Recorded information ->
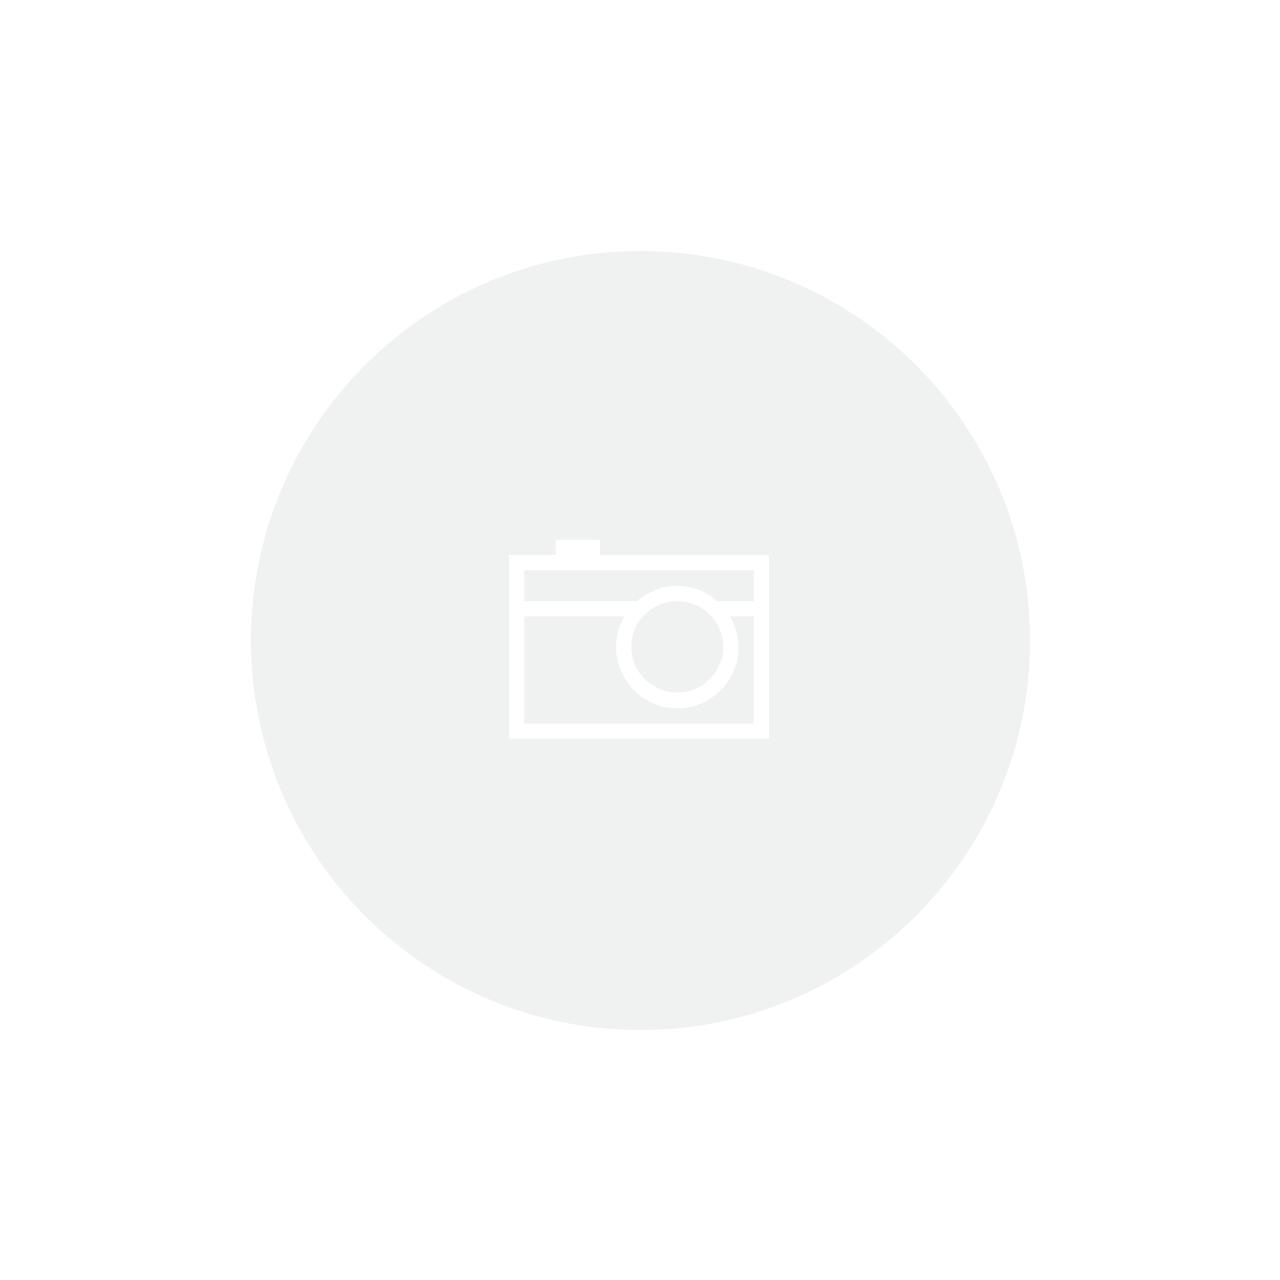 Batedor Manual Inox Tramontina
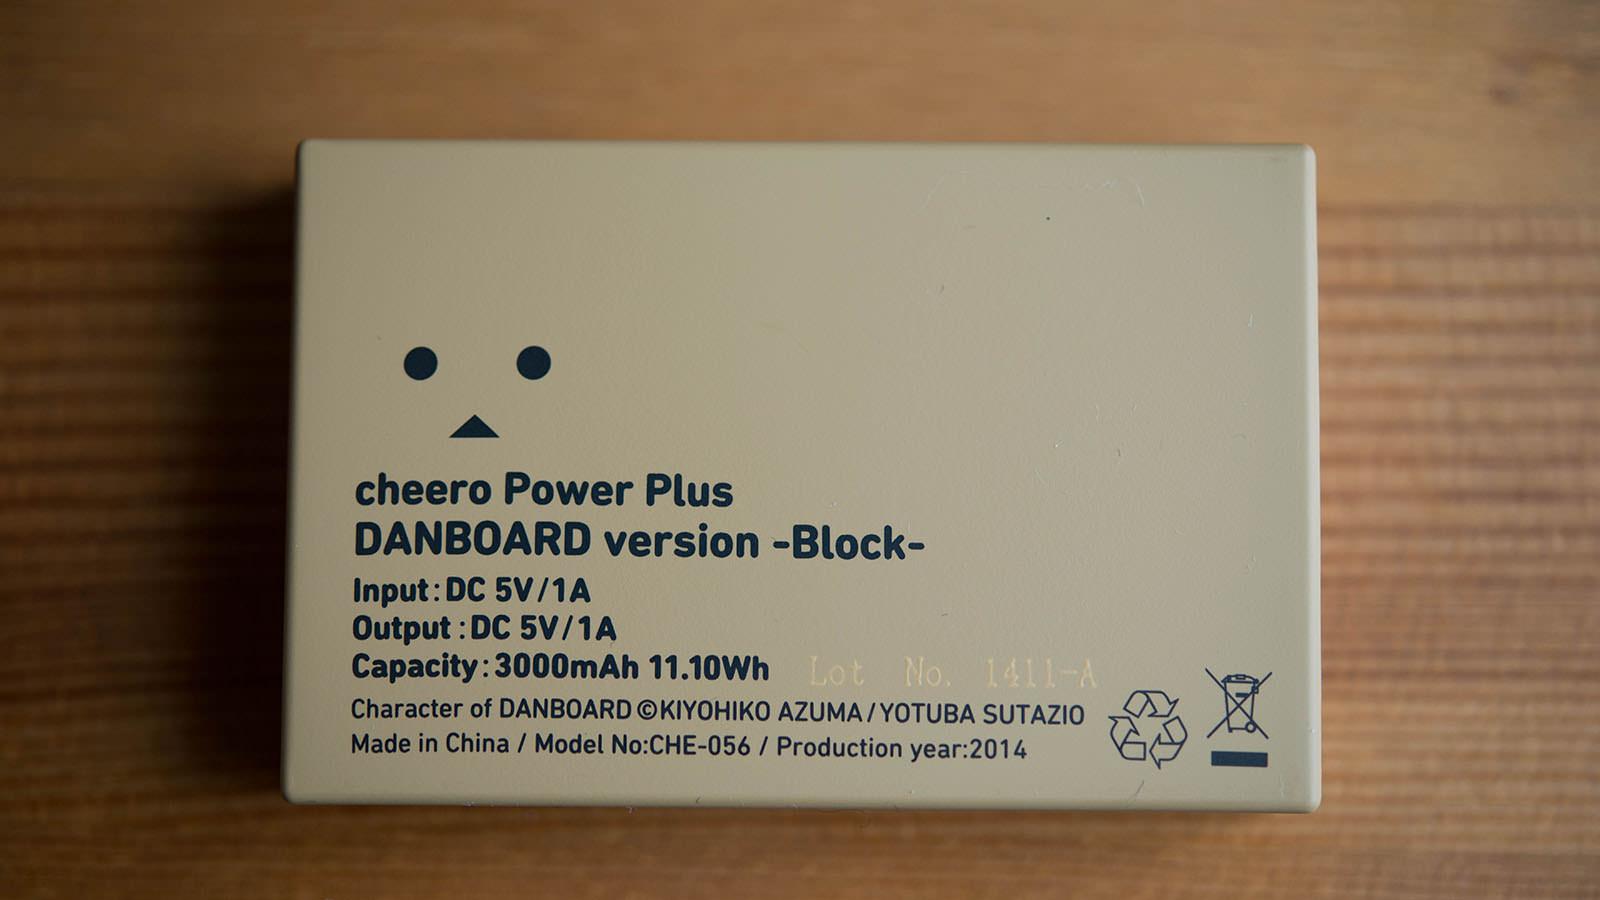 cheero Power Plus DANBOARD version block review_05
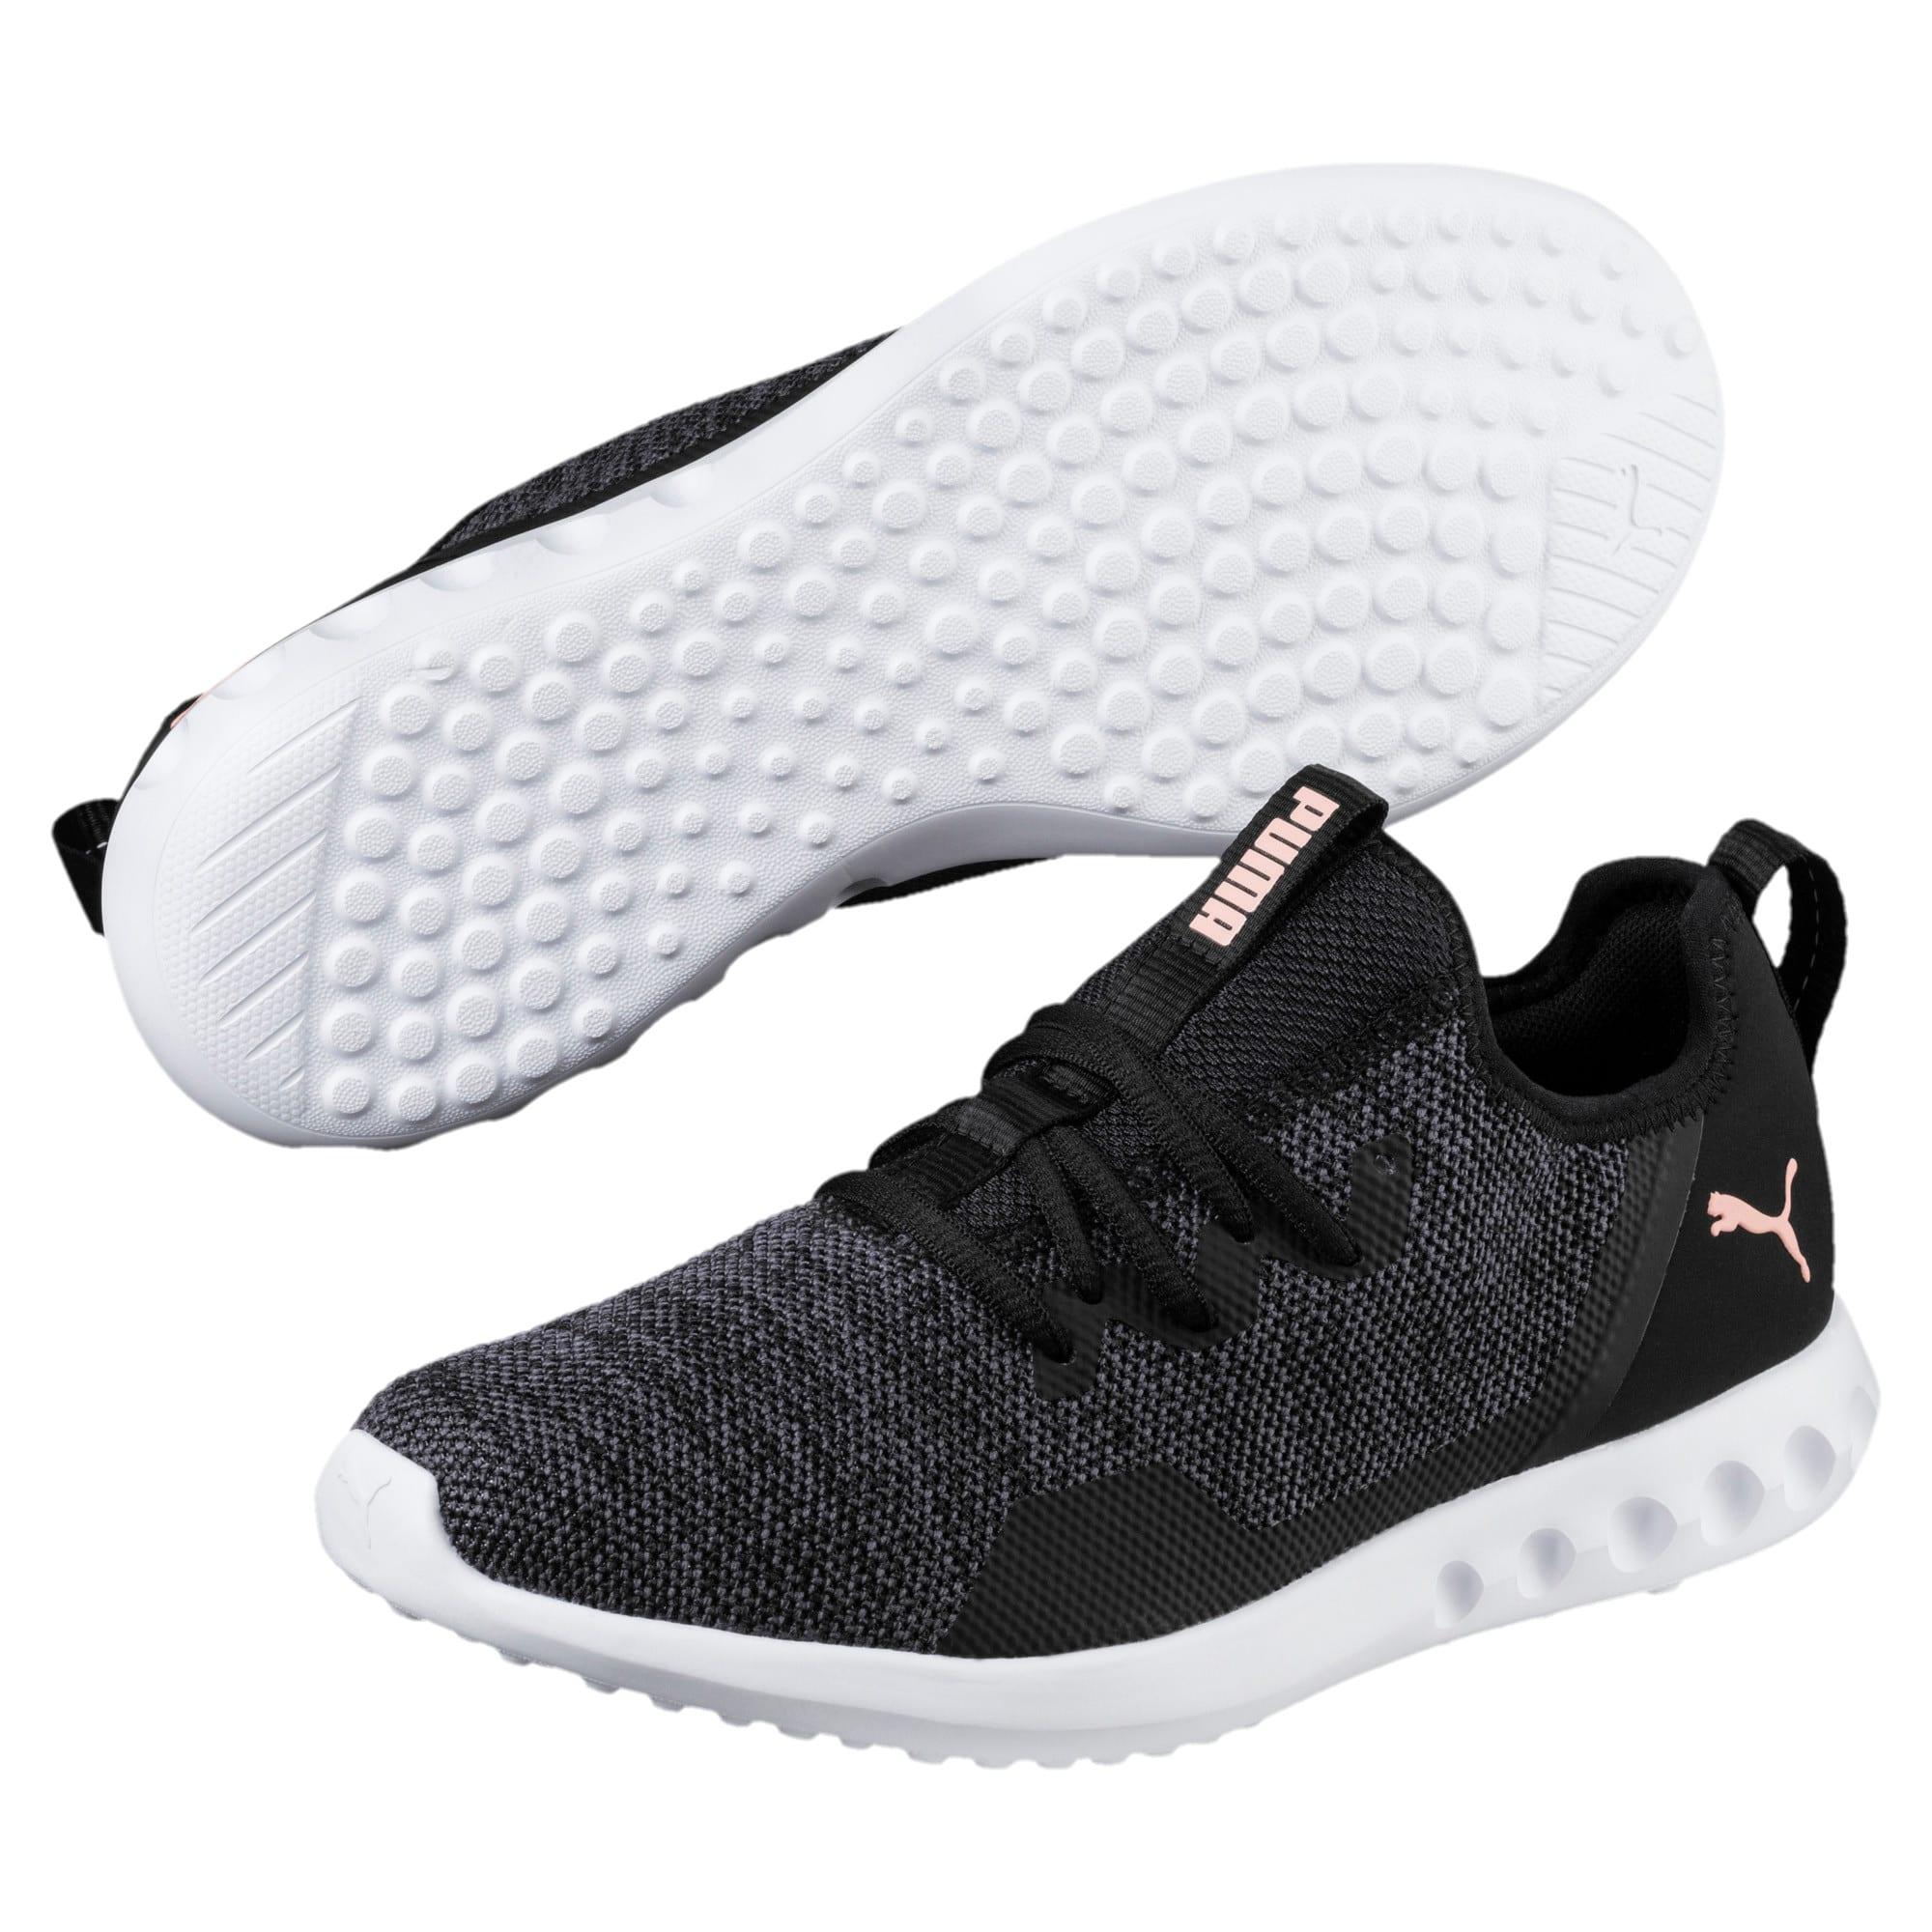 Thumbnail 2 of Carson 2 X Knit Women's Running Shoes, Puma Black-Periscope, medium
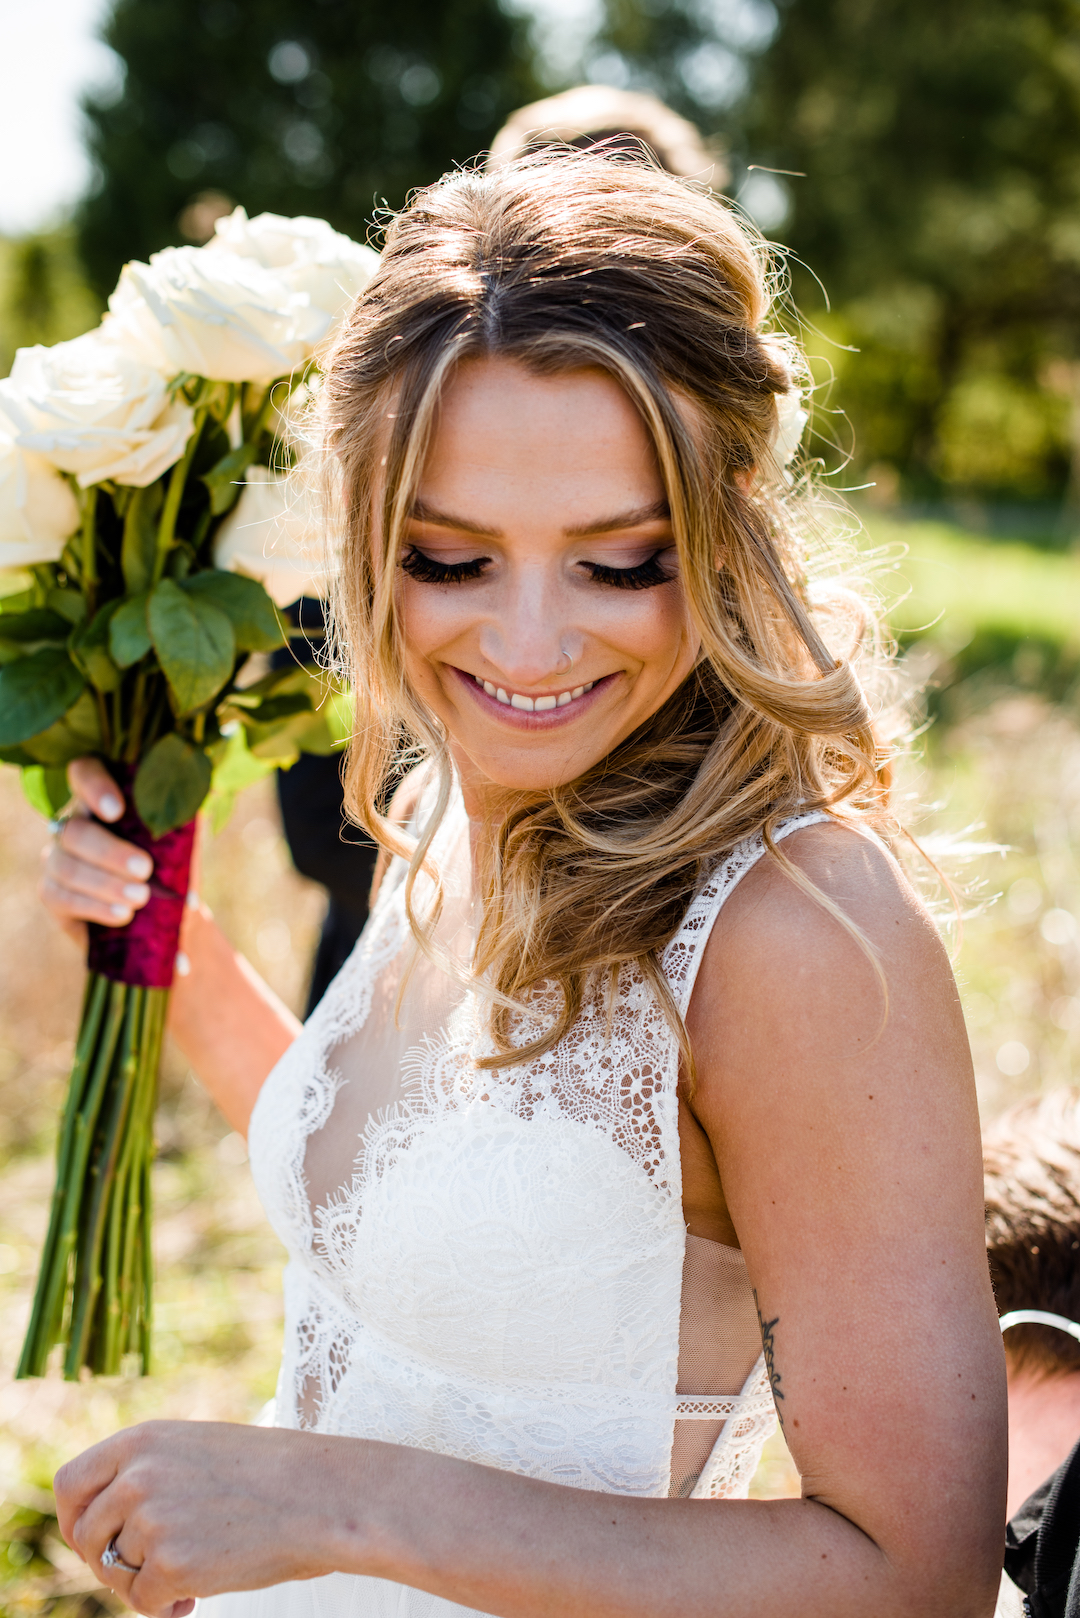 Tennessee Wedding Photographer Kathy Thomas Photography Bridal Portrait

About this exercise -> All of the data must be given again exactly, without the pictures.

Task solution ->
 Batedor Manual Inox Tramontina
 cheero Power Plus DANBOARD version block review_05
 Thumbnail 2 of Carson 2 X Knit Women's Running Shoes, Puma Black-Periscope, medium
 Tennessee Wedding Photographer Kathy Thomas Photography Bridal Portrait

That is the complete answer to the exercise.